An exact restatement of the entire listing is needed, excluding all images.

> _COLLECTED DATA_
========================

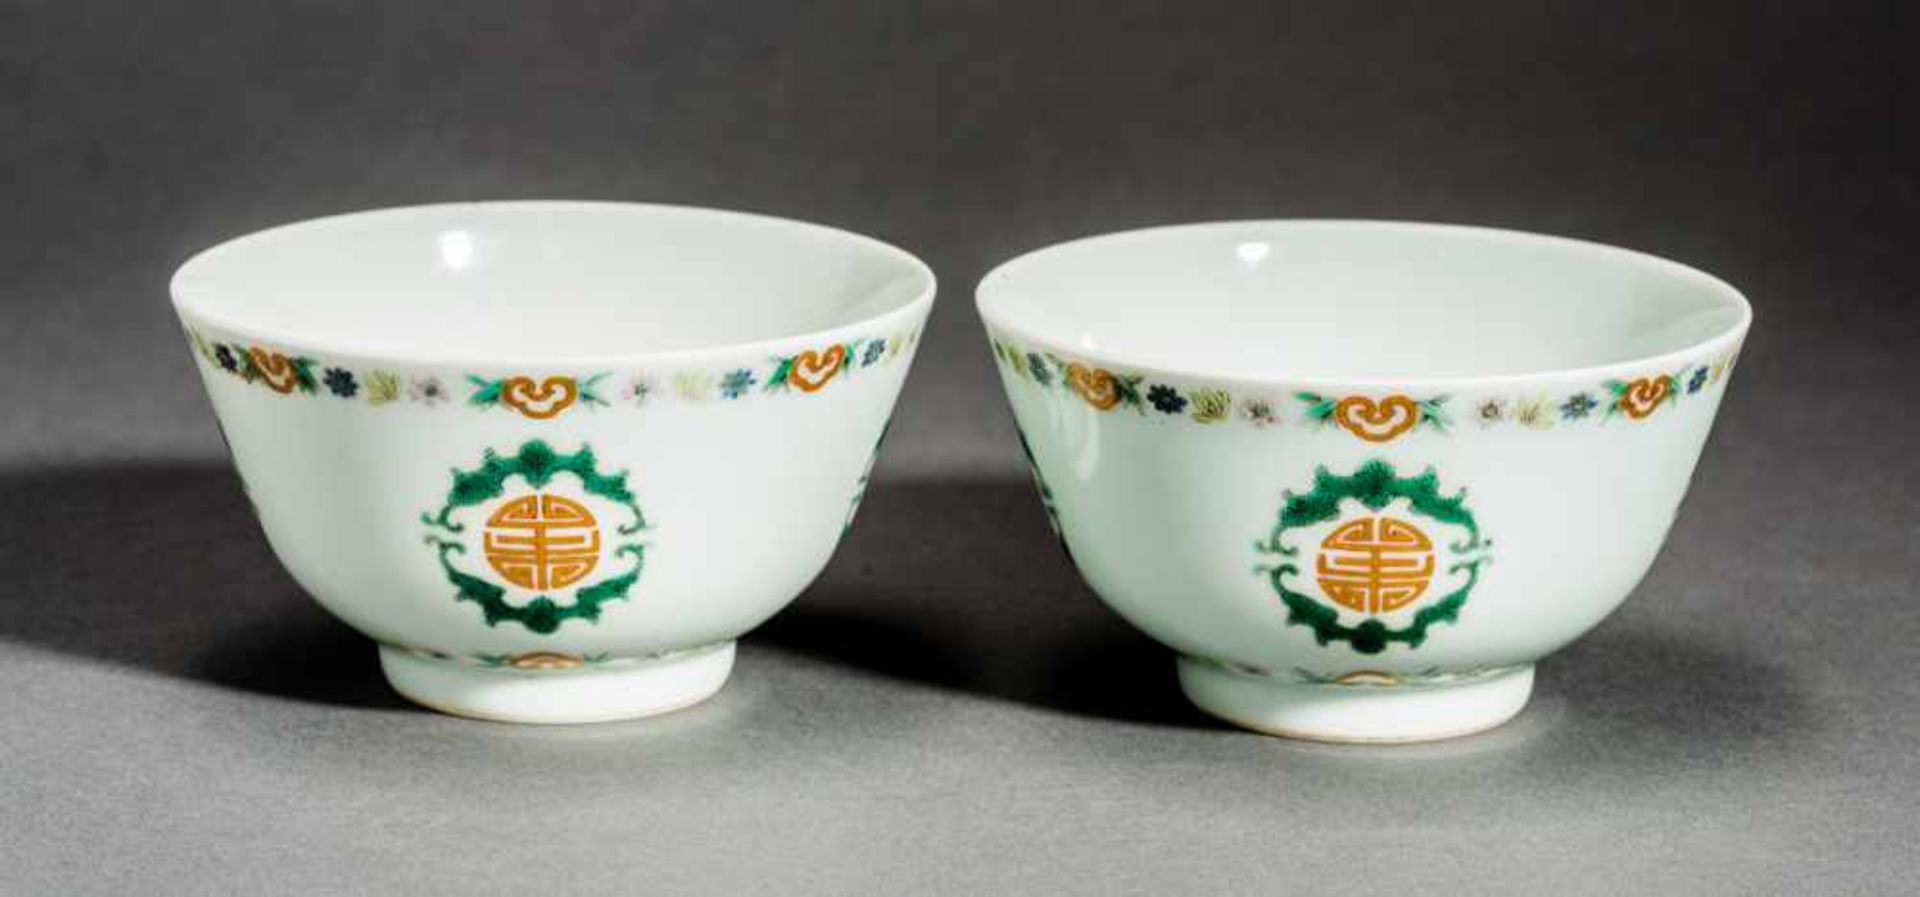 PAIR OF BOWLS WITH SHOU AND RUYI Porcelain with enamel paint andgold. China, Qing dynasty, seal
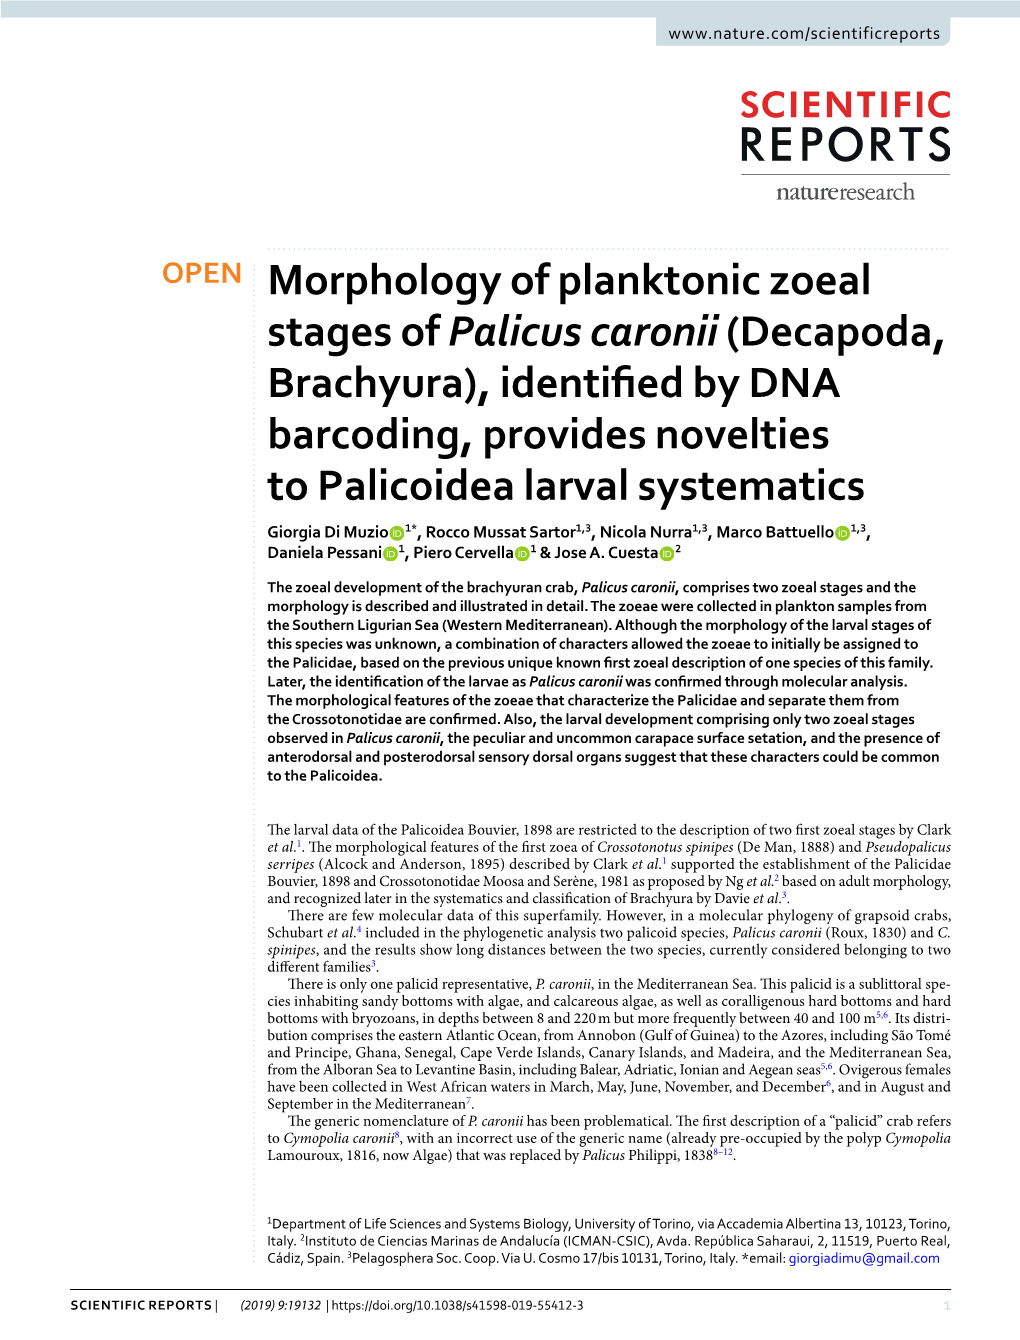 Morphology of Planktonic Zoeal Stages of Palicus Caronii (Decapoda
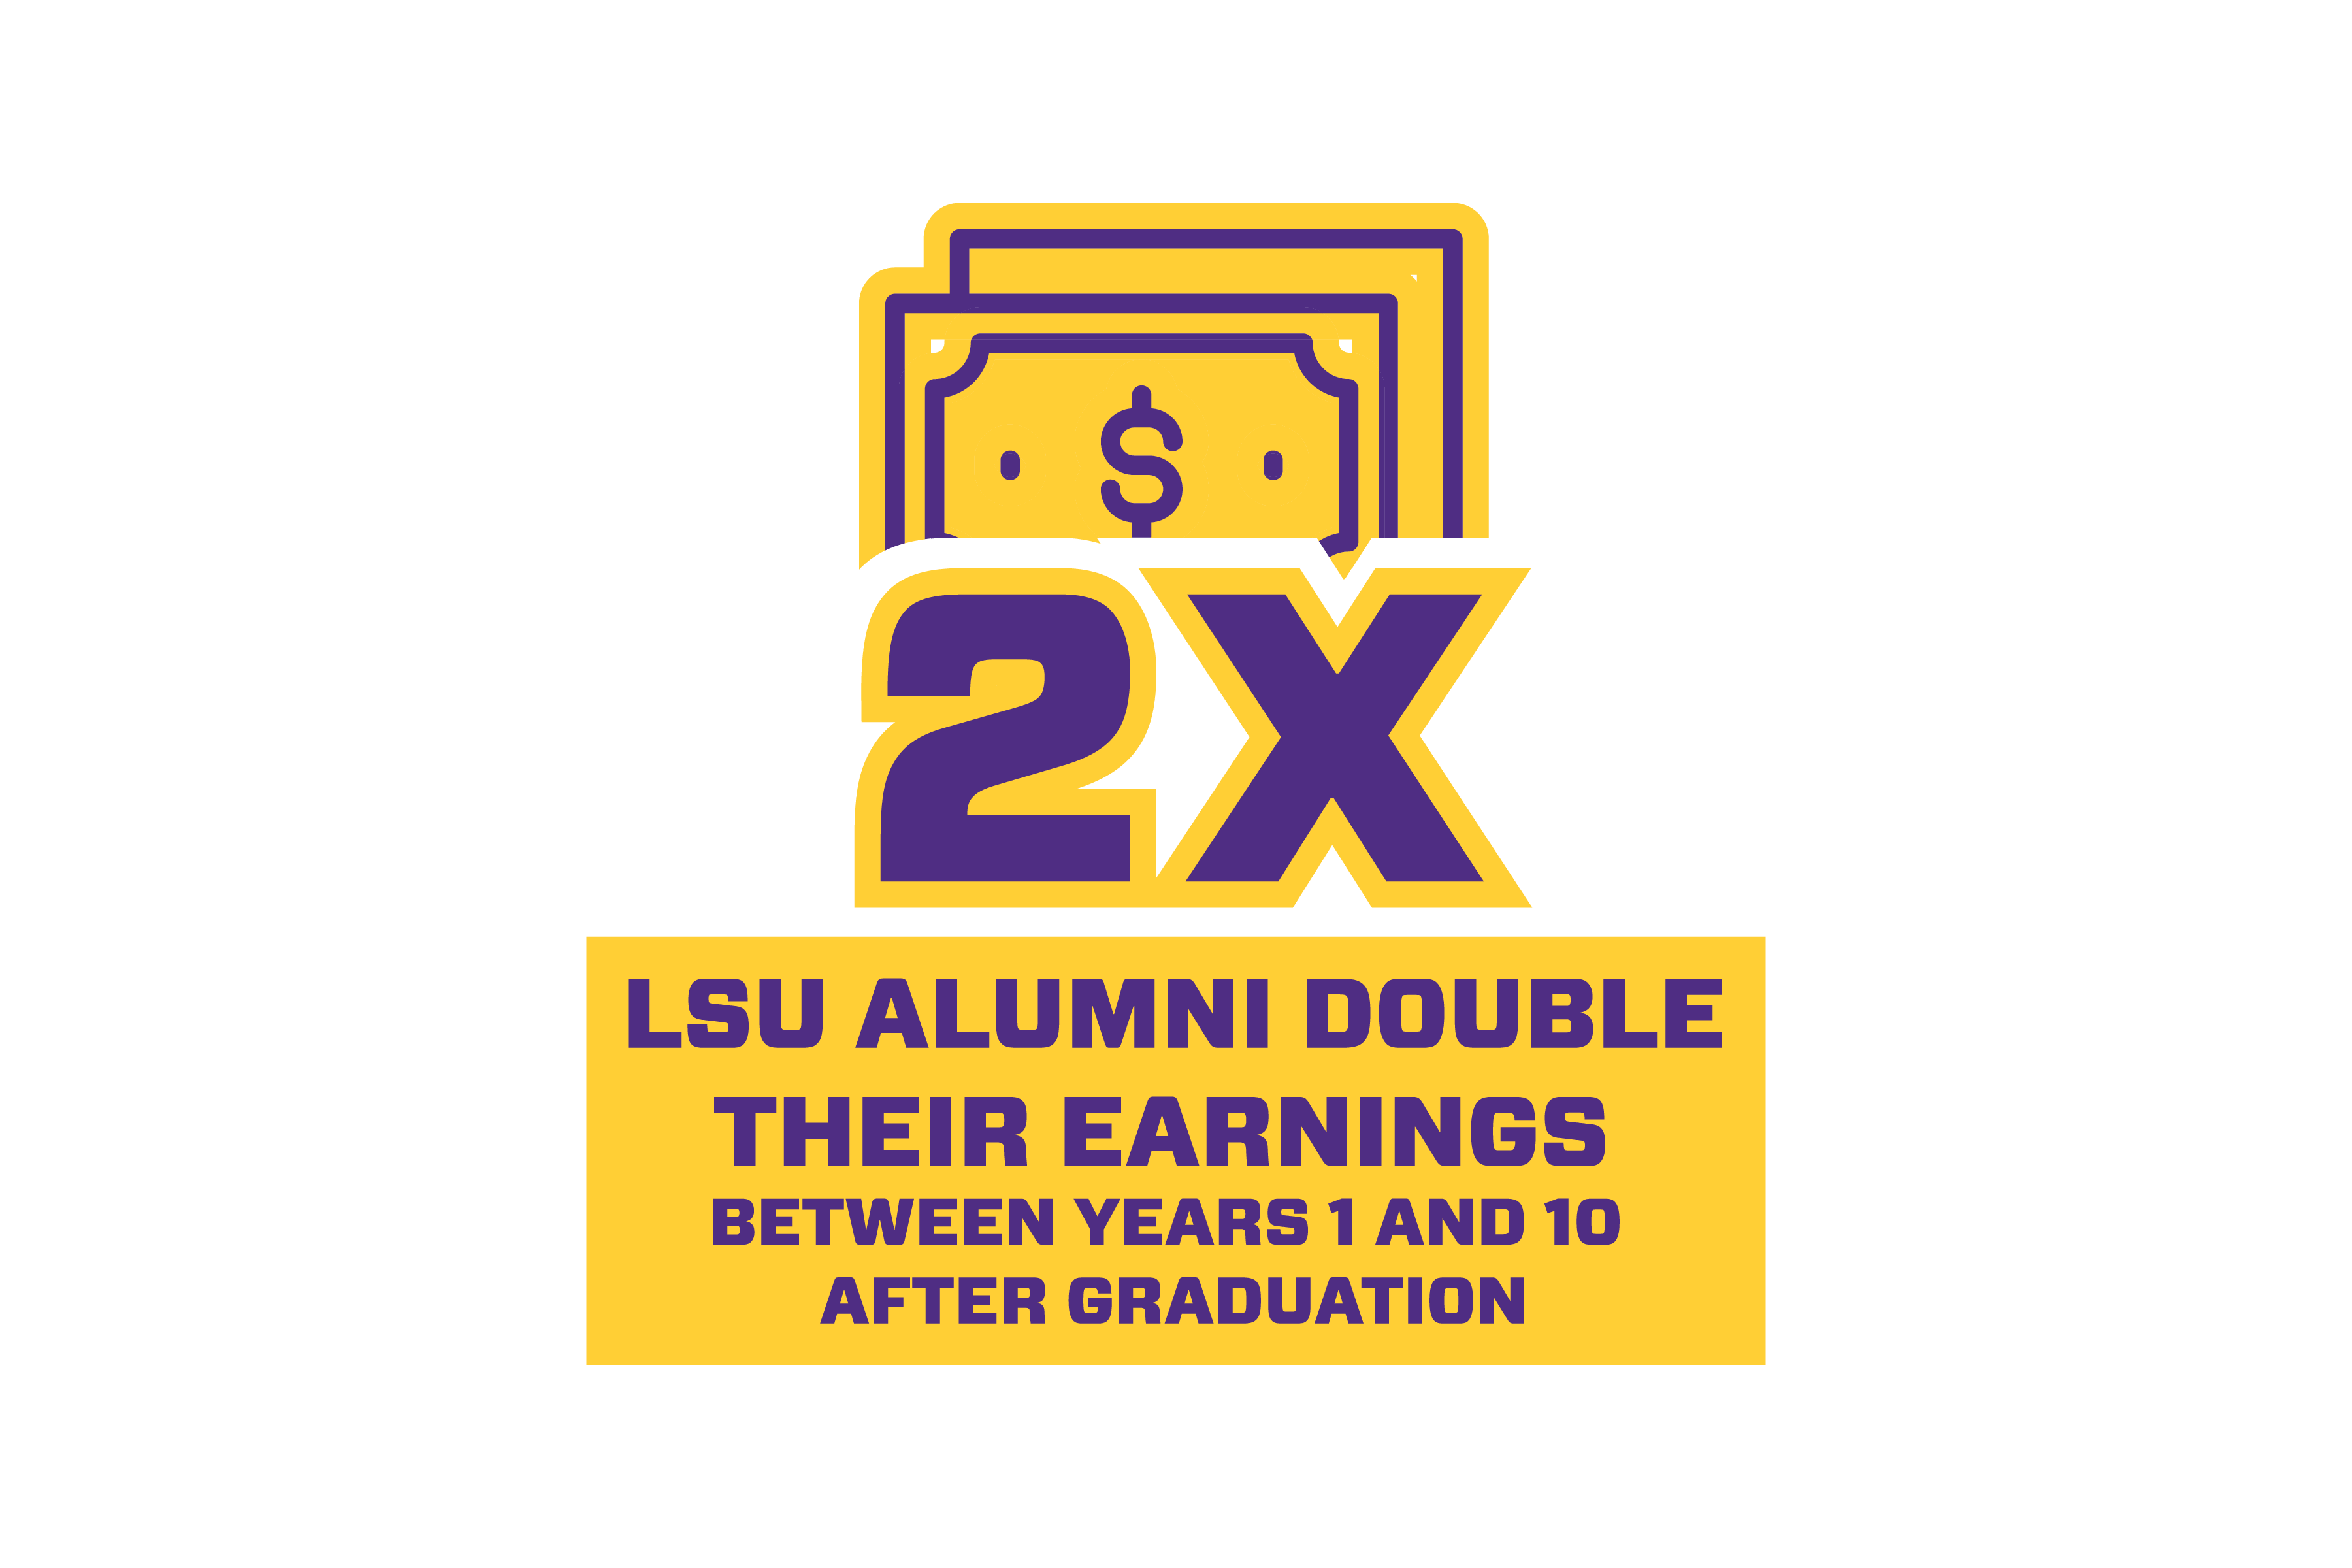 LSU Alumni double their earnings between 1 and 10 years after graduation

========================

> _YOUR RESPONSE_
 PAIR OF BOWLS WITH SHOU AND RUYI Porcelain with enamel paint andgold. China, Qing dynasty, seal
 Morphology of Planktonic Zoeal Stages of Palicus Caronii (Decapoda
 LSU Alumni double their earnings between 1 and 10 years after graduation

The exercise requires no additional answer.